* Record set:
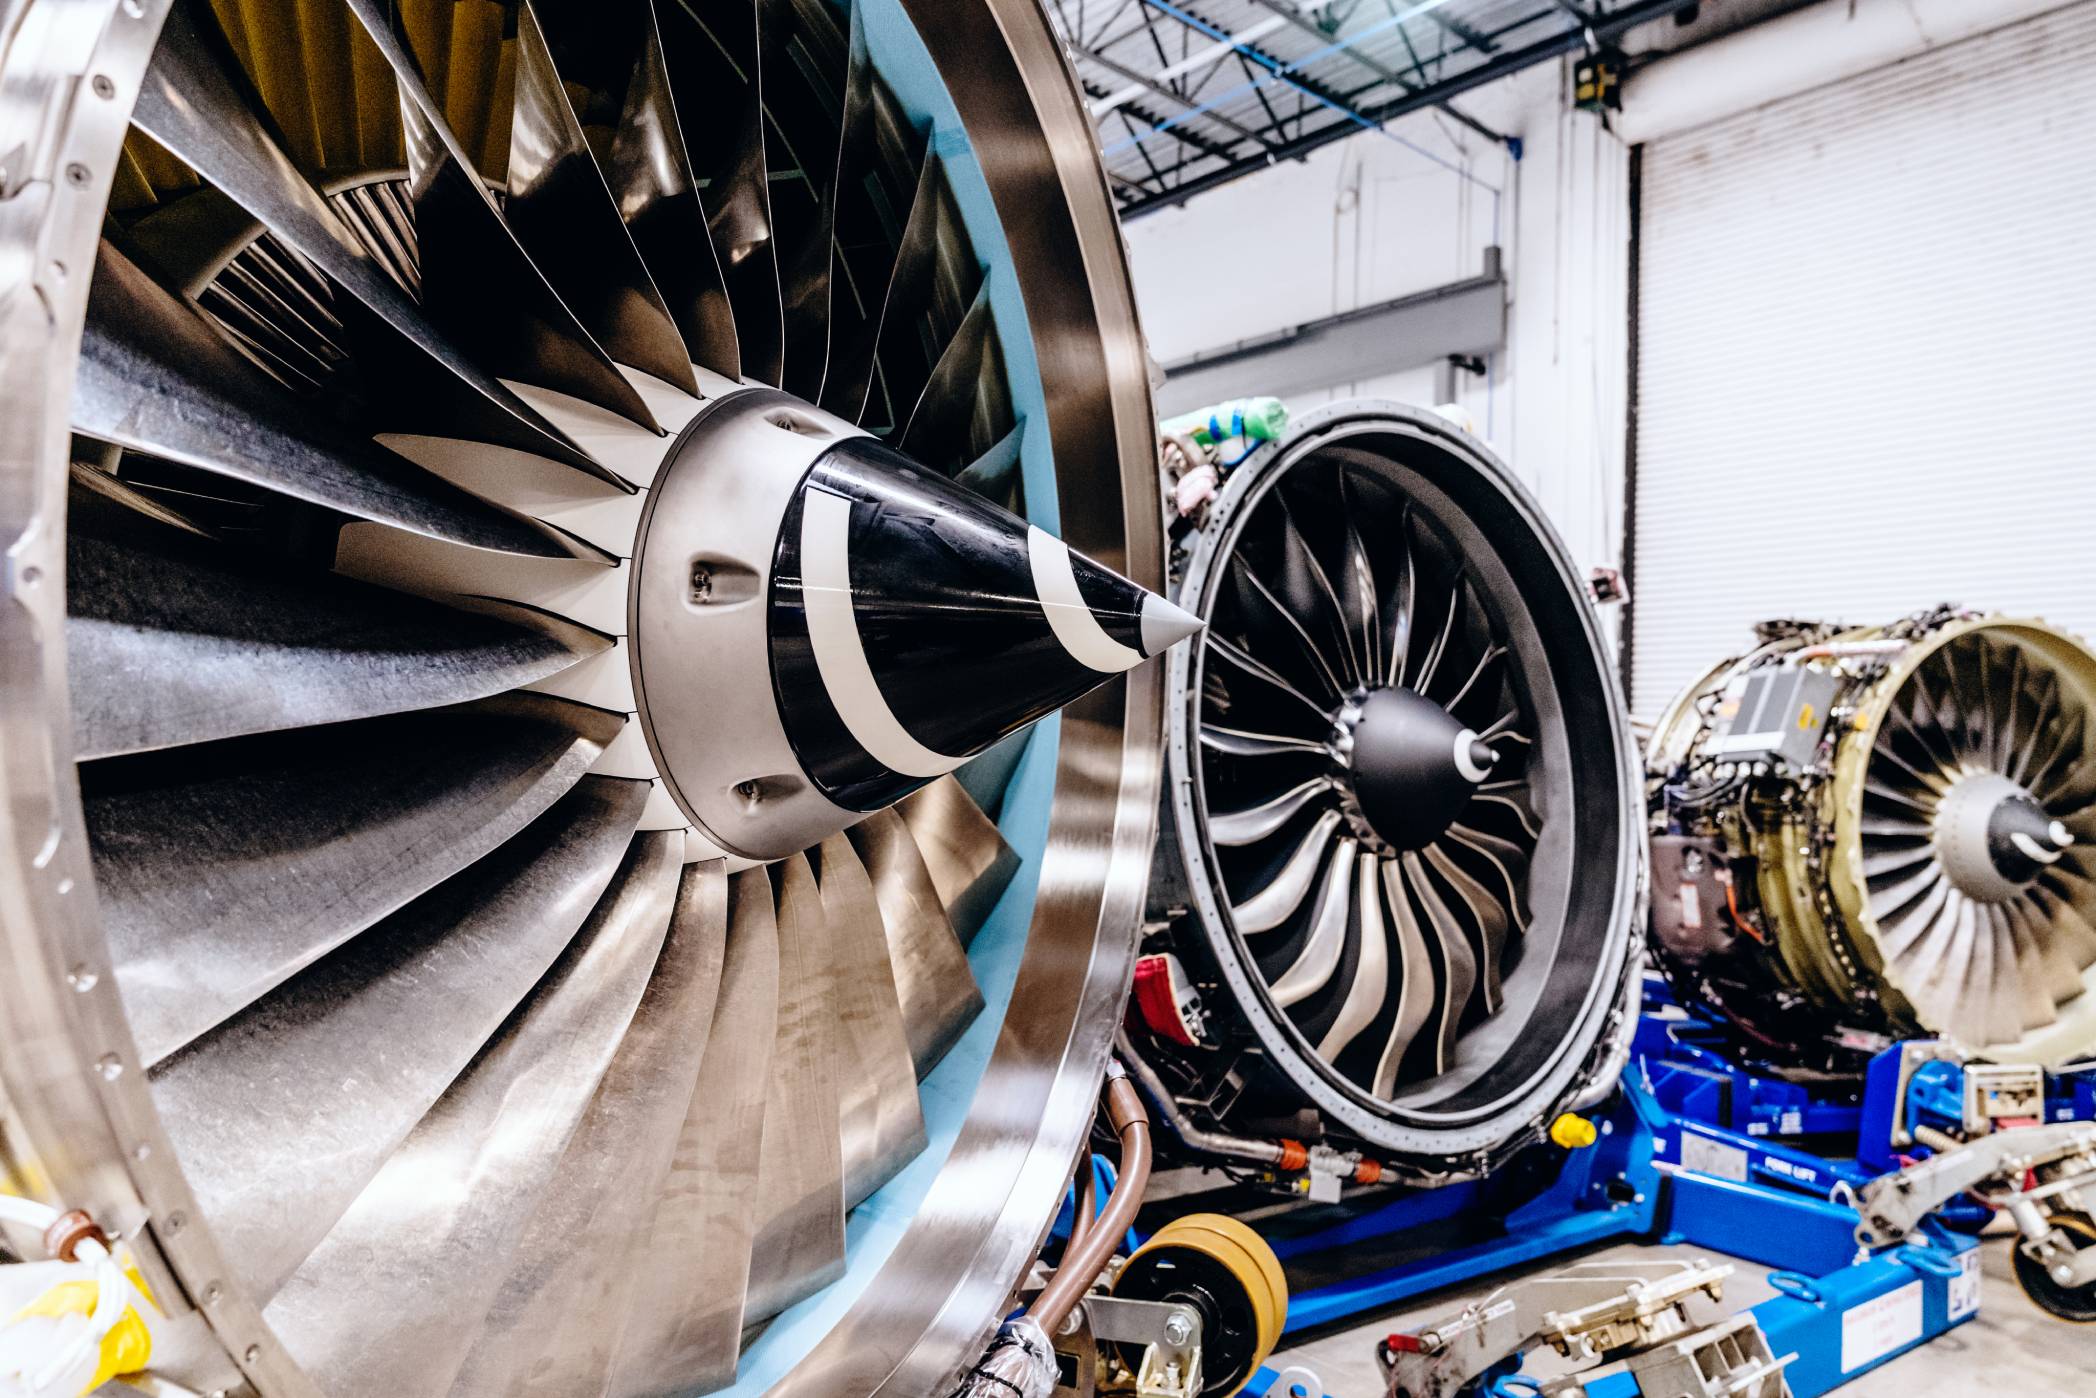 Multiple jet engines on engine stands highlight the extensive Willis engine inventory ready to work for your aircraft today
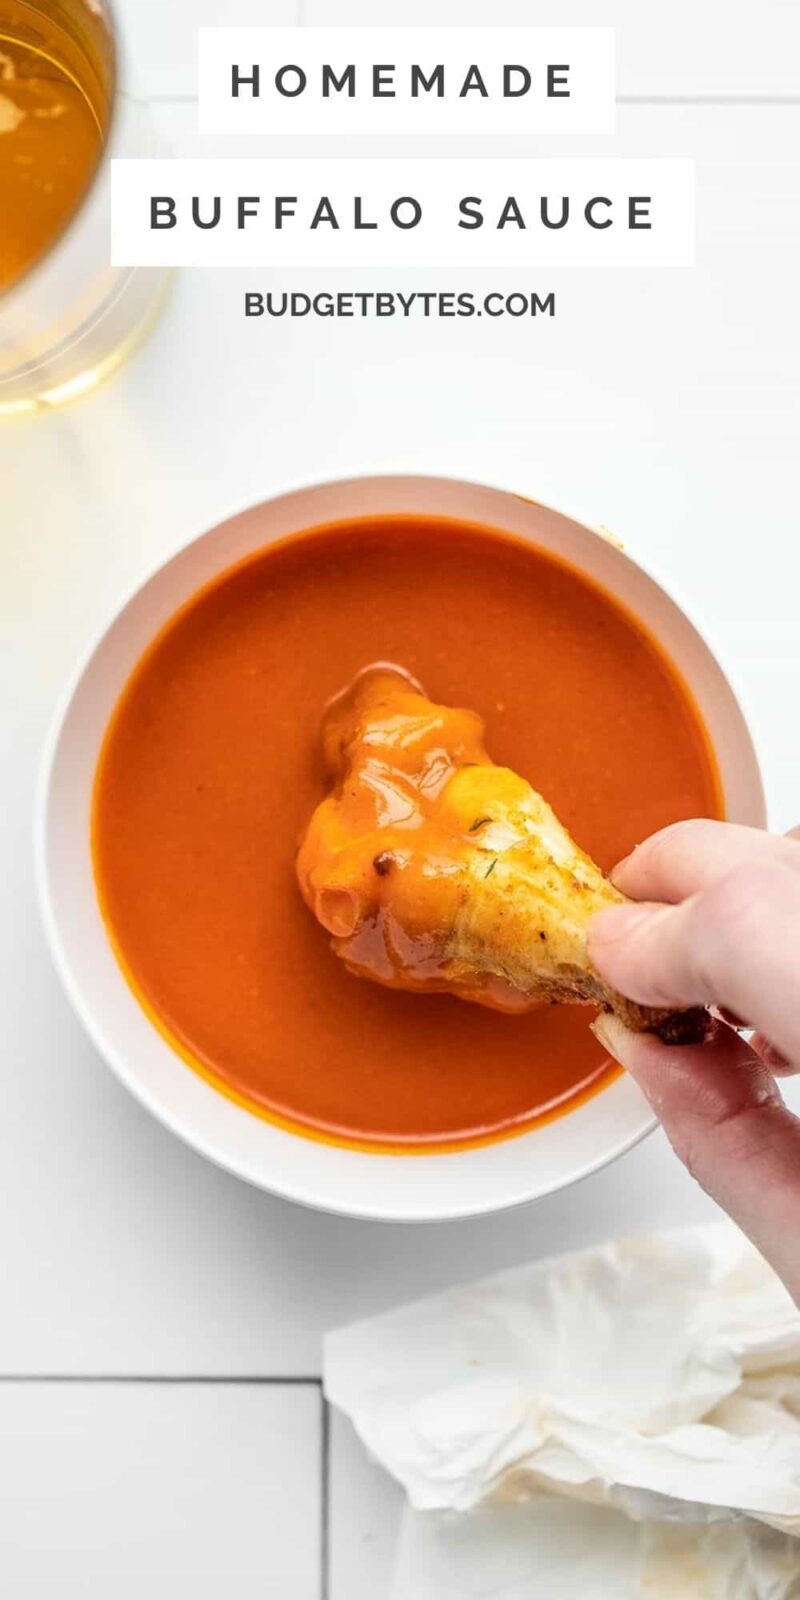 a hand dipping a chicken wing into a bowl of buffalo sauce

---

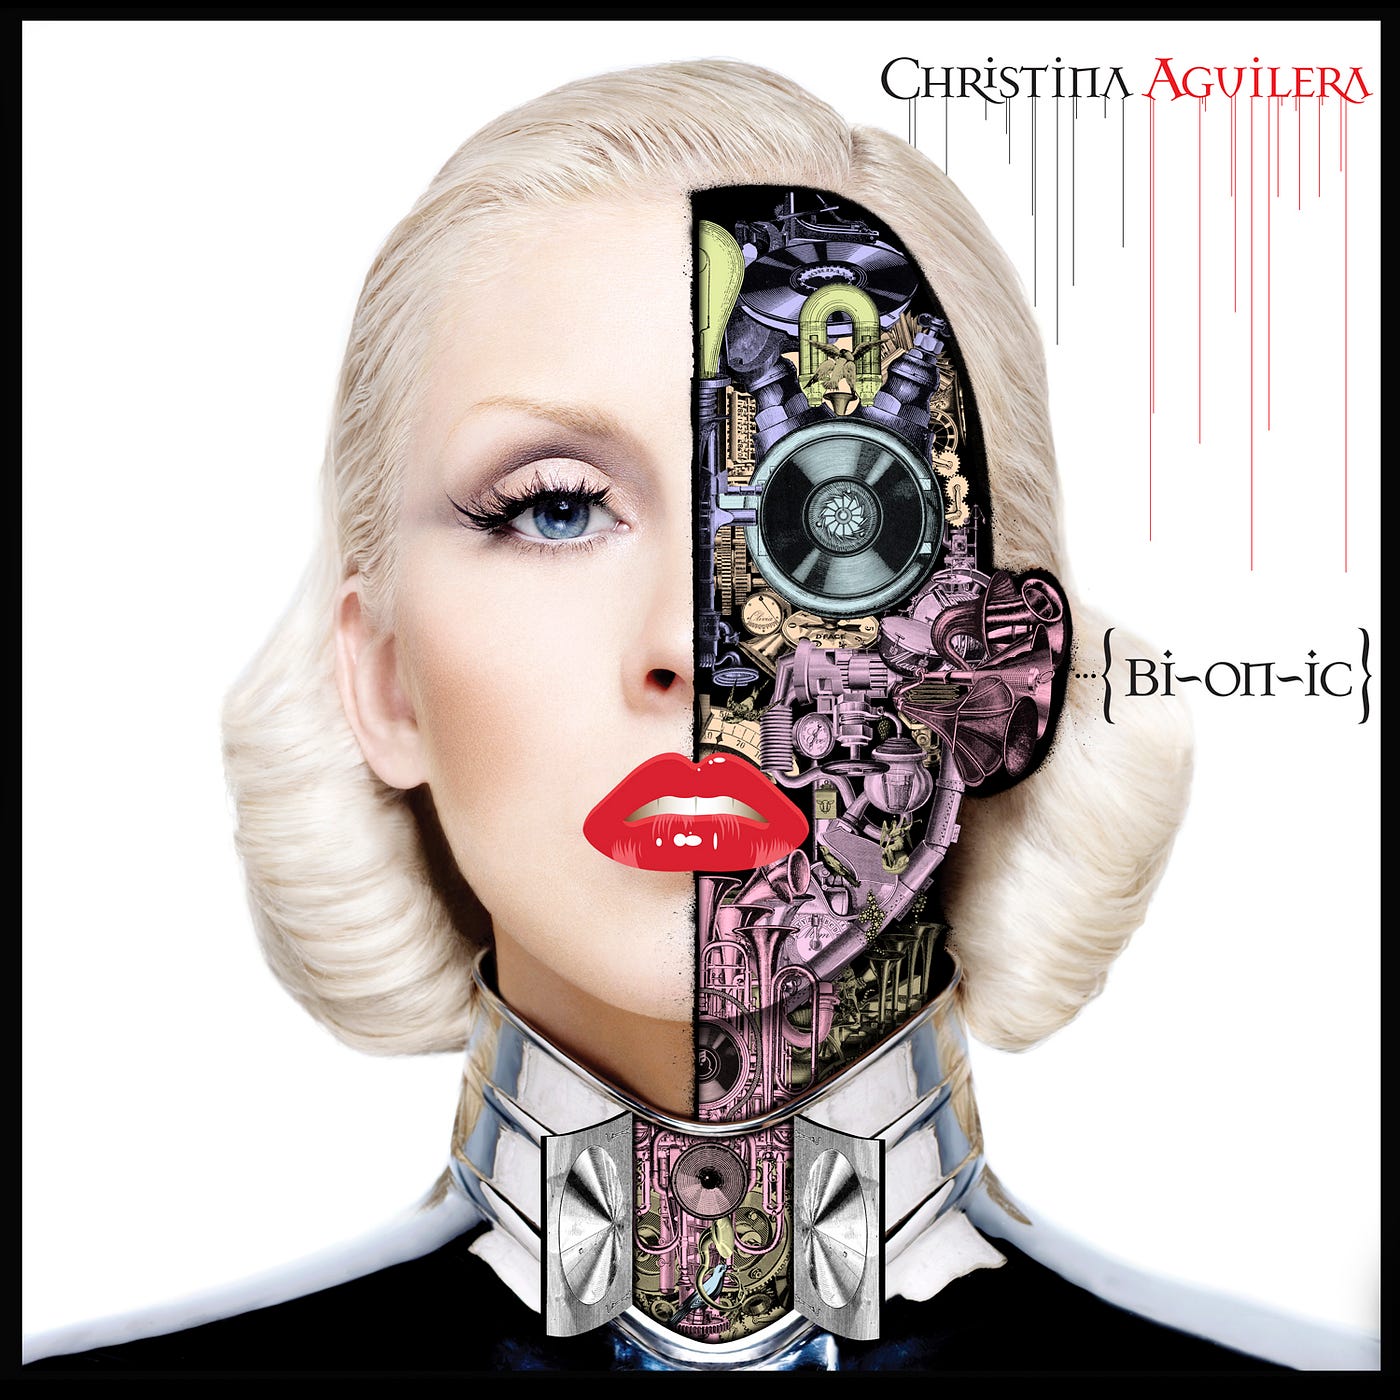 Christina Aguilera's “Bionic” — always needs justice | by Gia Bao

--

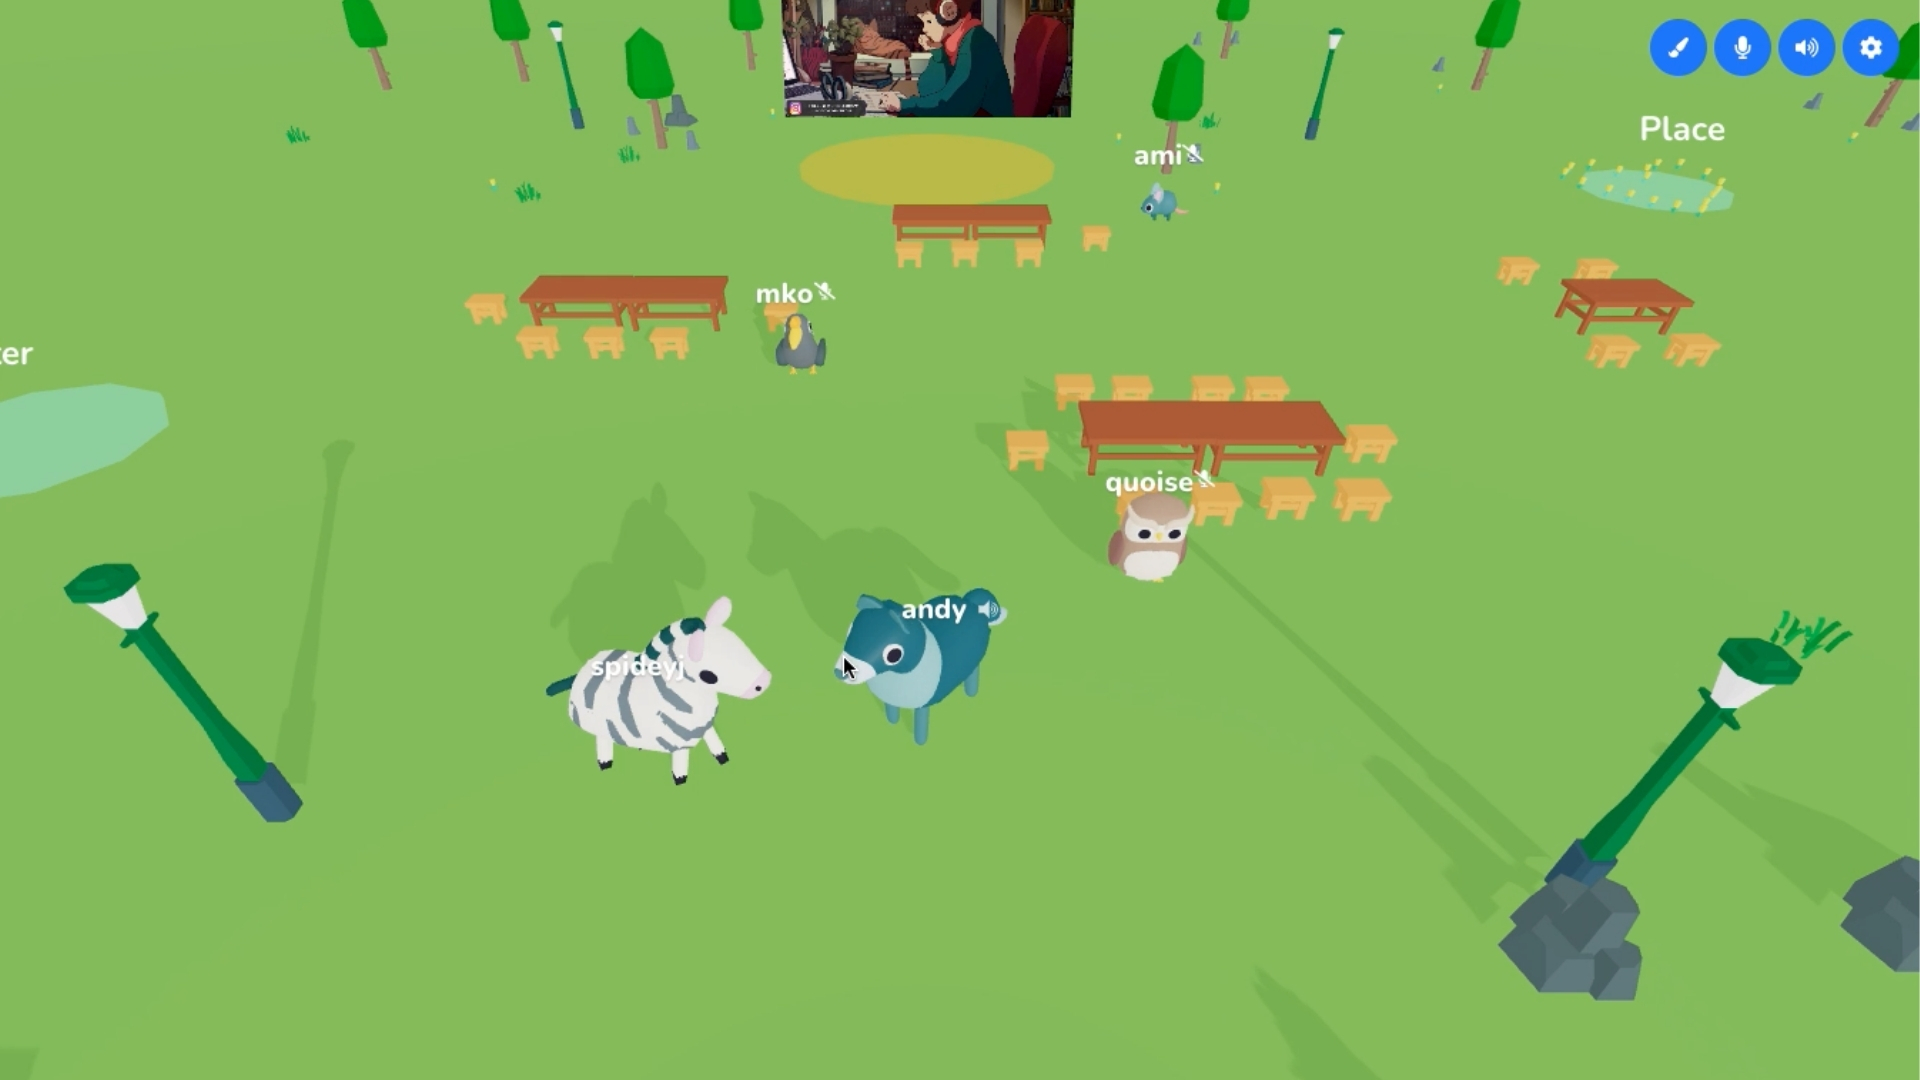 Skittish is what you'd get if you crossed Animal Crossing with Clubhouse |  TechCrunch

* Work request:
Repeat, without pictures, exactly the lines of the data above from the one containing "Multiple jet engines" through the one containing "a hand dipping", including both and adding nothing.

* Response:
 Multiple jet engines on engine stands highlight the extensive Willis engine inventory ready to work for your aircraft today
 a hand dipping a chicken wing into a bowl of buffalo sauce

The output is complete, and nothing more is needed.